Sex therapists have joined the Internet age and are figuring out how to counsel people through e-mail, chats and videoconferencing. The new form of therapy is still in its infancy, but may be working for people who can't or won't seek face-to-face counseling.
"For years we've been saying that there are certain kinds of people that are in need of 'e-therapy' who we can pretty much guarantee aren't going to get therapy any other way," said virtual community psychology expert Storm King. "They are typically people who live in remote places like Alaska, and agoraphobics who can't leave their houses; I would add sex addicts and people with sexual problems to that list because of the humiliation factor."
Even though online sex therapy encapsulates all that Web surfers love about the Internet — speed, anonymity, convenience and low (or no) fees — the new form of therapy comes with its own problems.
"I think people have to realize that it requires new skills, and therapists aren't trained for that in school yet," said John Grohol, of HelpHorizons.com, a Web site that provides therapists with tools to communicate securely.
In the Beginning
Sex therapy sites started popping up in 1997, with names like "Ask the Sex Doc," "Ask Me Anything," and "Ask Dr. Love," and received almost no traffic at first, according to Webmasters. But the numbers grow every year, said Martha Ainsworth, editor of metanoia.org, a site that independently evaluates online therapists.
The big attraction for Web-based sex therapy is that people don't have to be humiliated about asking intimate sexual questions. "The anonymity of the Internet is a tremendous asset. It is the saving grace for some of these people," said Dr. William Fitzgerald, founder of sexdoc.com.
The people who use online sex therapy sites fall into several categories, he said. Many are simply embarrassed to bring up sexual matters with their doctors. "Others are women who have asked everyone else — including their OB/GYN and other doctors — and can't find a solution to their problem," he said. "Then there's the small percentage of guys who have erection problems that thank God for the anonymity of the Internet."
Analysts point out the information given over e-mail and chats is no substitute for face-to-face therapy in more serious cases. "Online therapy is a good initial exposure to therapy, but e-therapy is not therapy," said King, a former president of the International Society for Mental Health Online.
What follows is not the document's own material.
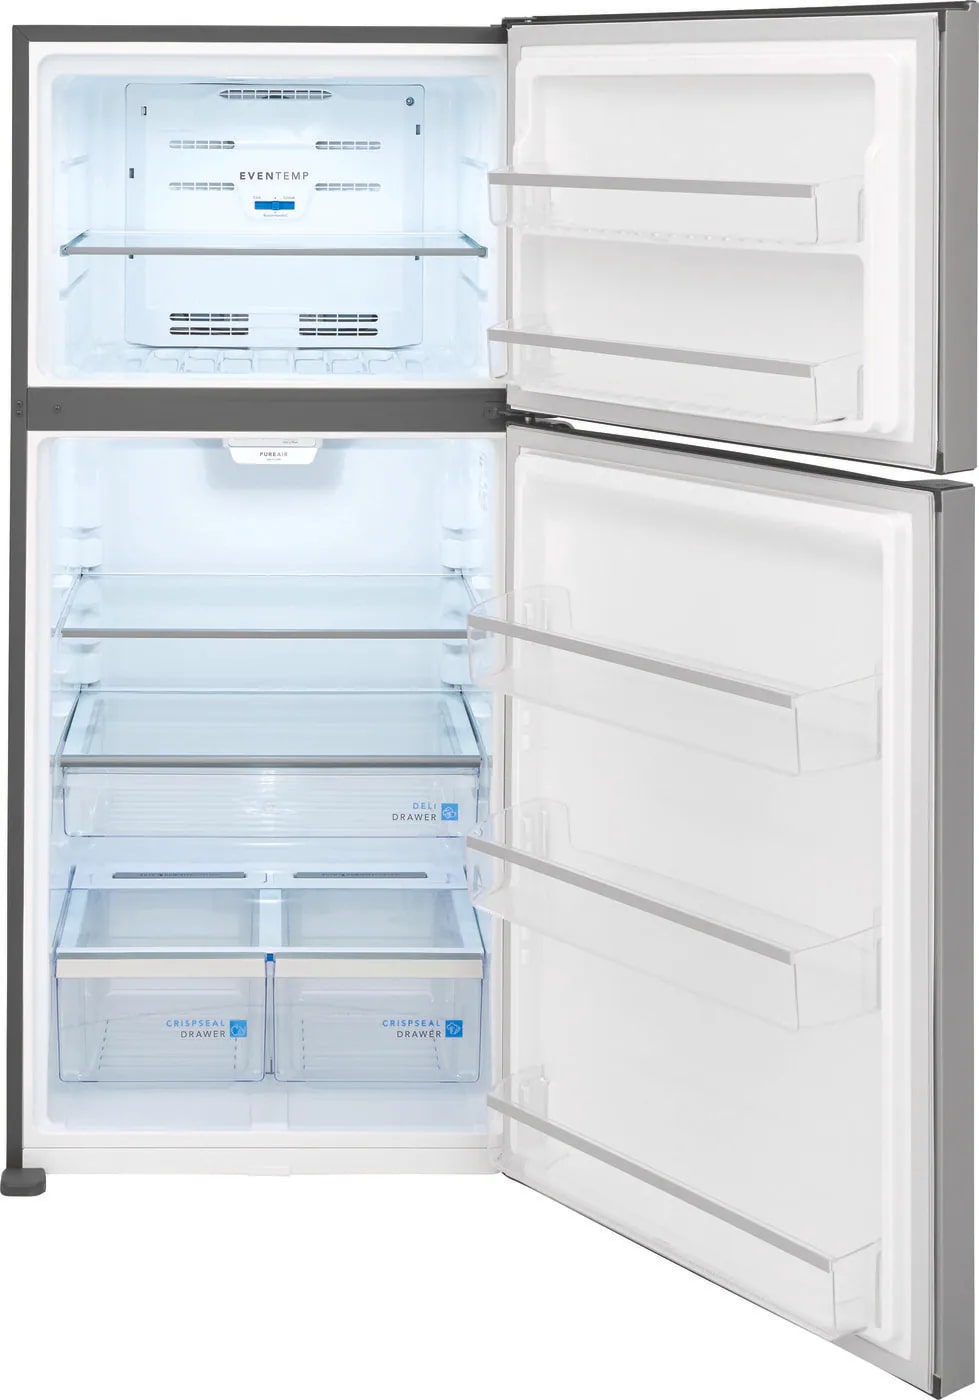 Frigidaire Gallery - 30 Inch 20 cu. ft Top Mount Refrigerator in Stainless - FGHT2055VF

Fitzgerald limits what he will discuss online, referring everyone with significant problems to traditional therapists. Face-to-face therapy also allows patients to verify a doctor's credentials, helps foster a therapeutic relationship and makes it more difficult to breach doctor-patient confidentiality.
Beware Sex Hackers
Some people fear their therapy e-mail could be intercepted, that family, friends or co-workers could accidentally see the communications, or that scammers could give them bogus advice. Although none of these dangers have become a major problem, people should be careful when choosing a therapist and when e-mailing back and forth, according to Dr. Robert Hsiung, a past member of ISMHO.
With no certification board for online therapy, a sex therapy home page could be run by a real doctor or by someone looking to make a quick buck.
To prevent quacks from posing as qualified therapists, the ISMHO recommends that every therapy-oriented Web site follow the group's "Suggested Principles for the Online Provision of Mental Health Services," which include information about confidentiality and communication.
"The sex therapist should present his name, brief information and credentials clearly on the Web site," said Grohol. "If someone isn't sure about a therapist's qualifications, make a phone call. I would encourage people to do that anyway."
Business Is Booming
For all of the dangers and risks, people seem determined to seek help for their psychosexual problems online: After a slow start, Fitzgerald receives an average of 30 legitimate e-mails a day. And some sex therapists think online communication can be just what the patient needs.
"The issue is the nature of the relationship. If you can establish a connection, I don't care how you get the therapy, you could use walkie-talkies," said Dr. Turndorf, also known as Dr. Love.
The success of singles chat rooms prove it is possible to have a strong emotional connection online. Sex therapists hope they can form a similar bond with their patients.
"If you can fall in love online, there's certainly the potential for powerful relationships," Hsiung said. "You can be empathic online. You can learn about someone's life ... If all that's possible, why wouldn't therapy be?"